Addicted to novelty since 2001

The Perfect Wedding Schedule Starts at 4:00pm

As I mentioned, last weekend I was at my cousin’s wedding in California. Bret and Kirstin did a very wise thing, and started the ceremony at 4:00pm. Why is this smart?

  • It largely eliminates that eddies-in-the-time-space-continuum that is the gap between ceremony and reception. That eddy is particularly painful for out-of-town guests–what do they do for the ensuing one to three hour break?
  • If you’re having an outdoor, summer wedding, it reduces the sunstroke factor. This pasty Canadian appreciates that sort of thing.
  • If you’re not getting married in a church or other specialized location, you can have the ceremony and reception in one spot. This saves money, and enables everybody to stay put.
  • It reduces the duration of the entire enterprise. Let’s be frank, if the wedding starts at 2:00pm, you’re likely to be in formal wear for 10 hours, and spending too much time with your great aunt Gladys. Weddings are fun, but there is too much of a good thing. This is doubly true for those who don’t know a lot of people at the wedding–which is usually the majority of guests.

Of course, the obvious downside of all this is that you probably have to do your photos before the ceremony. This will upset traditionalists who don’t think the bride and groom should see each other beforehand. We did it that way (heck, our ceremony started at 7:00pm) and haven’t split up yet (er, touch wood).

Ultimately it should be the bride and groom’s decision–that’s who the day is about. I say you should shirk tradition, think of your guests, and start the wedding in the late afternoon.

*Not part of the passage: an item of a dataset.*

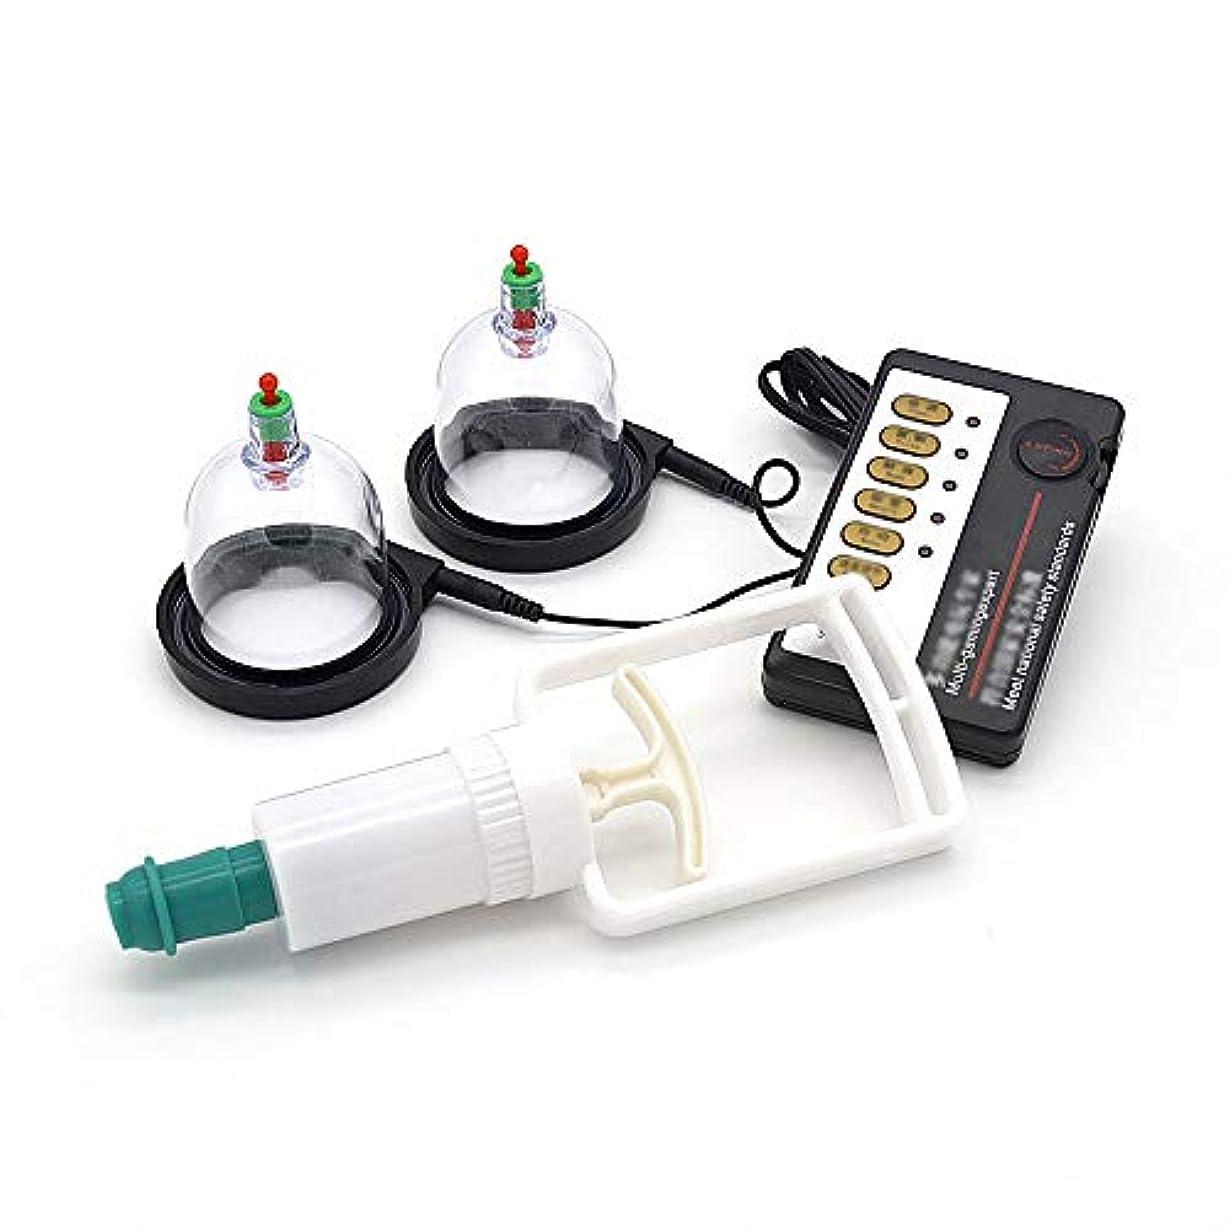 楽しむヒゲ初期のディープ振動マシンをリラックスマッサージ調節可能、乳を保つこと、マッサージ師マッサージ、電気療法は、手で保持方法パンプス筋肉のために母乳ワイヤレス

6 Responses to “The Perfect Wedding Schedule Starts at 4:00pm”

  1. Derek K. Miller

    My wife and I got married at 11:30 a.m., but then we had a lunch reception at the same place (Hart House in Burnaby) and then went back to our house (a few minutes away by car) for a party afterwards. The party went on for awhile, but we left around 4 p.m. and everyone else went on as long as they wanted. That worked well too, over a similar time span, and there were neither any long delays nor any pressure on people to stick around. Everyone thought that was a good plan.

    As a musician in a wedding band, I’ve participated in a lot of receptions, and my corollary advice is, (a) start some sort of food and drink right away, (b) intersperse any speeches and toasts in between breaks in the entertainment, (c) keep the speeches and toasts short (5-7 minutes each, max!, shorter if you can), (d) avoid off-colour “roasts” and embarrassing bride or groom stories, and (e) NO POWERPOINT! (I can’t believe I even have to say that). A tasteful slideshow off to the side that people can look at casually over the course of the event is fine, but there’s no reason short wedding speeches should require visual aids, and certainly no reason a bunch of guests would want to watch an enforced narrated slideshow.

    The point is for everyone to relax and have a good time after all the stress leading up to the big event. It’s a denouement. Tedium and awkward speeches don’t help that. In fact, a basic schedule and a minimum of structure for the reception is a good thing. It’s a party! Act like it!

  2. Carlos

    yeah, that schedule works great. Been to a couple of them like that myself.

    One slight change though – tradition can be kept if the ceremony was held at 3, ceremony done by 3:30, pictures with the photog nearby (gardens or a beach nearby are handy), and reception starting sometime around 5 or 6. One I went to was like this and there was an open bar until the dinner was served.

    Good times had by all.

  3. Metro

    Mastercowfish (or as I affectionately refer to her, Mme Metro) and I assembled our nearest and dearest at 4:00 and had them process to us at 5:00 after general-milling-about and (a) drink.

    No-one had to wait for anyone, and a certain excitement was created for our guests.

    We don’t suggest, though, that anyone else do this in March. It was getting darkish and a little chilly by the time we went in.

    Still, late afternoon is definitely the way to go. Also good time had by all.

  4. richgold

    If you elope, you can set the reception for whenever.

  5. Eh... not so much

    We had lots of people coming to our Princeton, NJ, wedding from Connecticut, New York, and Washington. So to make it a bit easier for them if they wanted to go home that night, we started the ceremony at 3:00. We did take family photos before the ceremony. Cocktail hour followed right after reception at 3:30. We had everything in a hotel, so there was no gaps between anything. Folks went right into dinner at 4:30. Reception wound up around 8:30. Some of us retired to the hotel bar until about 10:00. I think it worked out great!

  6. Spring

    I am glad to hear that (1) later afternoon weddings are preferred, (2) tradition is not essential. I am going to marry, looked at Hart House, also looking for an outdoor venue to have a fancy BBQ, appies, cocktail type event, but don’t want to start early. The suggestion of photos first is a good one, too! I think it would be exciting to see your groom to be for photos and then say your words after that. Or do the photos another day too. Cool ideas.